You can do that using a regex, but it's hard to find a good one that always works. See this thread.
What you can use, is HTMLPurifier. I use it to cleanup all posted information. You can select which tag to keep, wich attribute to keep for each tag, etc ..
HTML filter that guards against XSS and ensures standards-compliant output.
One thing you can do with HTMLPurifier, is extend the core code and then, for a given tag, extends the class to add a class for each entity.
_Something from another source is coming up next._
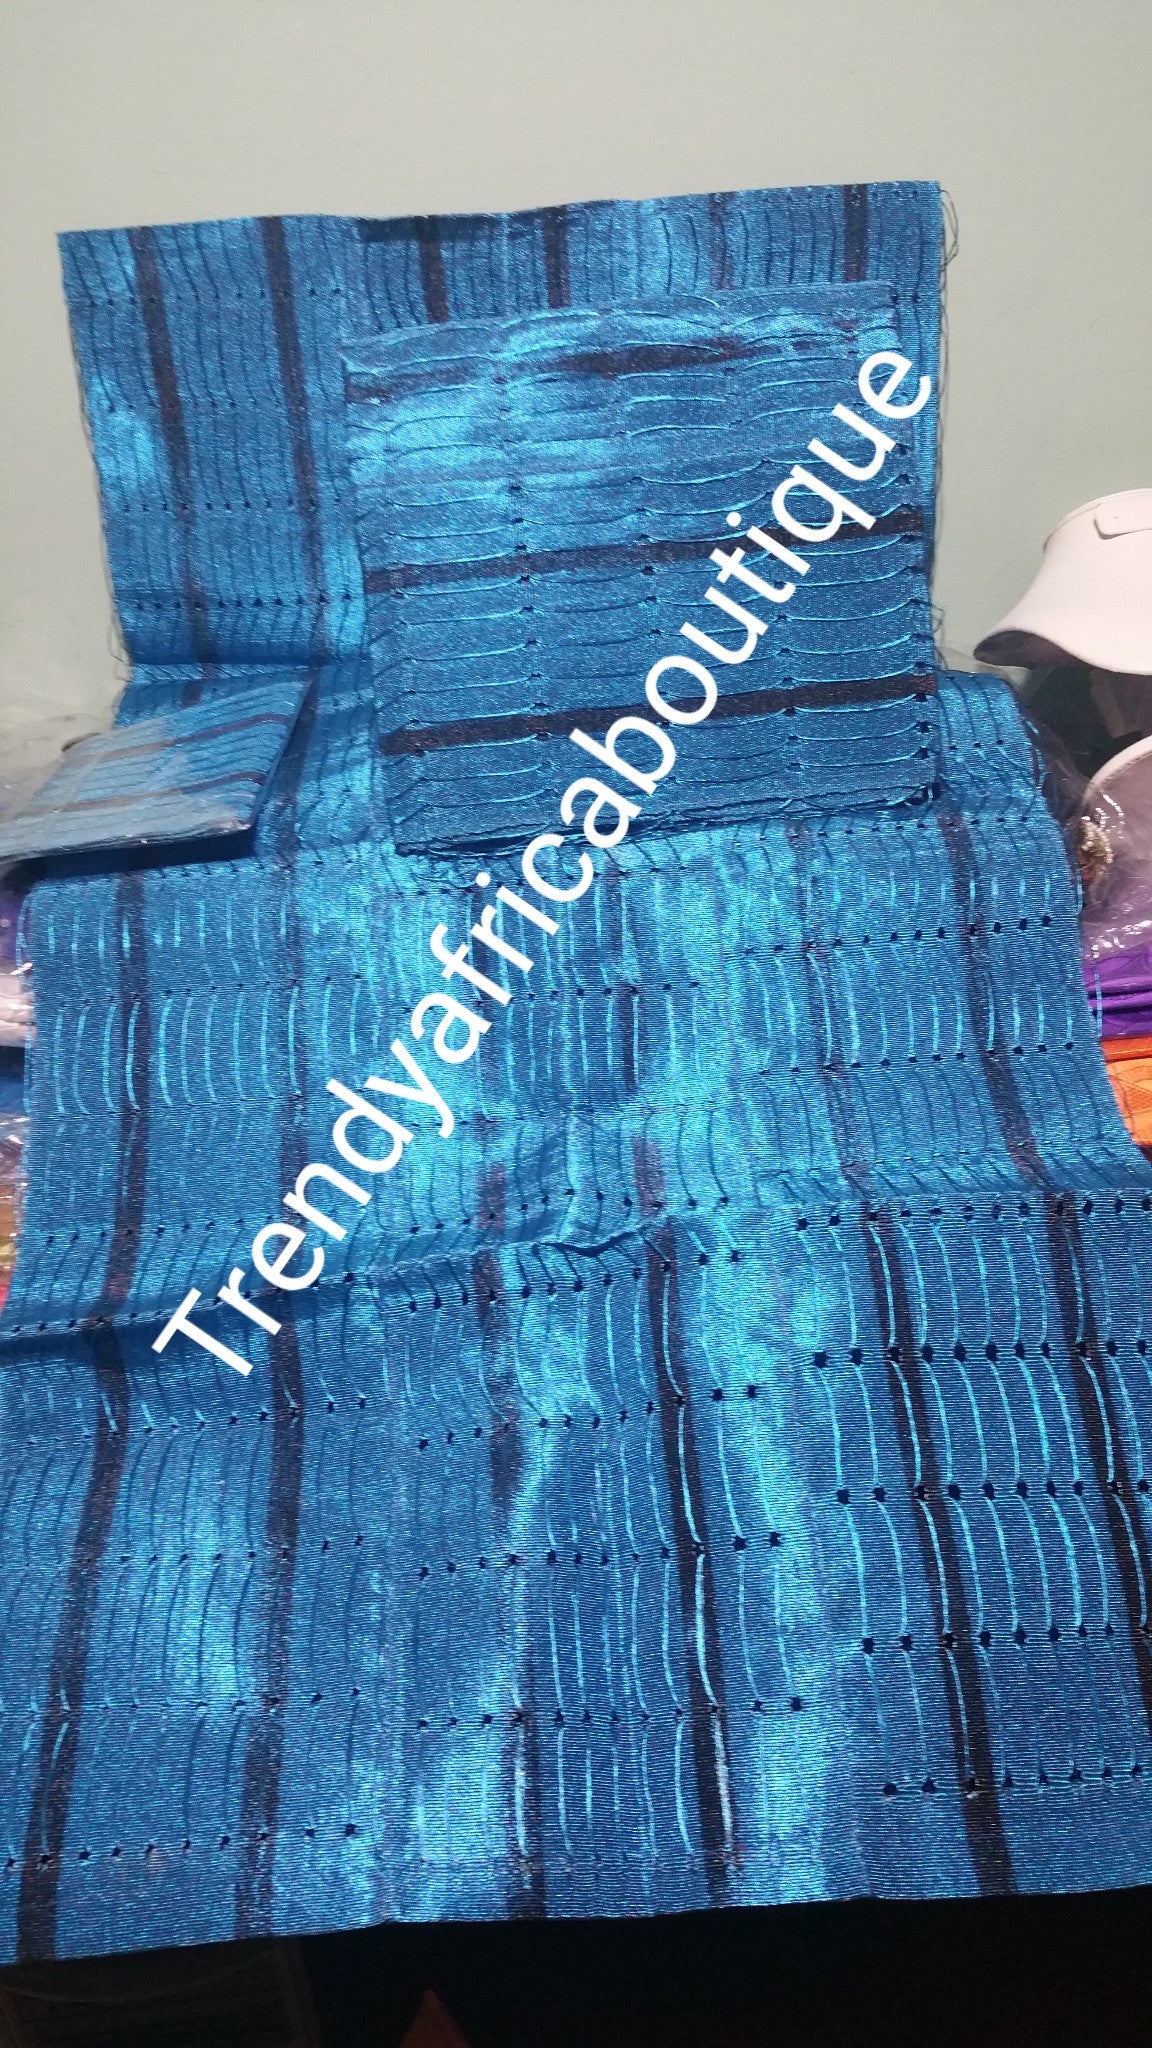 Turquoise blue/navy blue strips  Nigerian traditional aso-oke Gele/head tie for party wear. 3pcs set of gele/Ipele/cap piece

You can check this (quick) example where user wants to convert this:
<p>This is a paragraph</p>
<p>Another one</p>
Into this:
<p class="myclass">This is a paragraph</p>
<p class="myclass">Another one</p>
Edit:
Here is a quick and dirty example that you can test on your own:
<?php
require_once 'lib/library/HTMLPurifier.auto.php';
class HTMLPurifier_AttrTransform_AnchorClass extends HTMLPurifier_AttrTransform
{
public function transform($attr, $config, $context)
{
// keep predefined class
if (isset($attr['class']))
{
$attr['class'] .= ' myclass';
}
else
{
$attr['class'] = 'myclass';
}
return $attr;
}
}
$dirty_html = '<p><a href=""></a>
<a target="_blank" href=""></a>
<a href="" class="toto"></a>
<a href="" style="oops"></a></p>';
$options = array(
'HTML' => array(
'Allowed' => 'a[href|target|class]')
);
$config = HTMLPurifier_Config::create($options);
$htmlDef = $config->getHTMLDefinition(true);
$anchor = $htmlDef->addBlankElement('a');
$anchor->attr_transform_post[] = new HTMLPurifier_AttrTransform_AnchorClass();
$purifier = new HTMLPurifier($config);
$clean_html = $purifier->purify($dirty_html);
var_dump($clean_html);
It outputs:
string '<a href="" class="myclass"></a>
<a href="" class="myclass"></a>
<a href="" class="toto myclass"></a>
<a href="" class="myclass"></a>' (length=135)
I use a custom configuration to keep some attributes in <a>
tag, that's why it removes style
but not target
. You can check the documentation about that.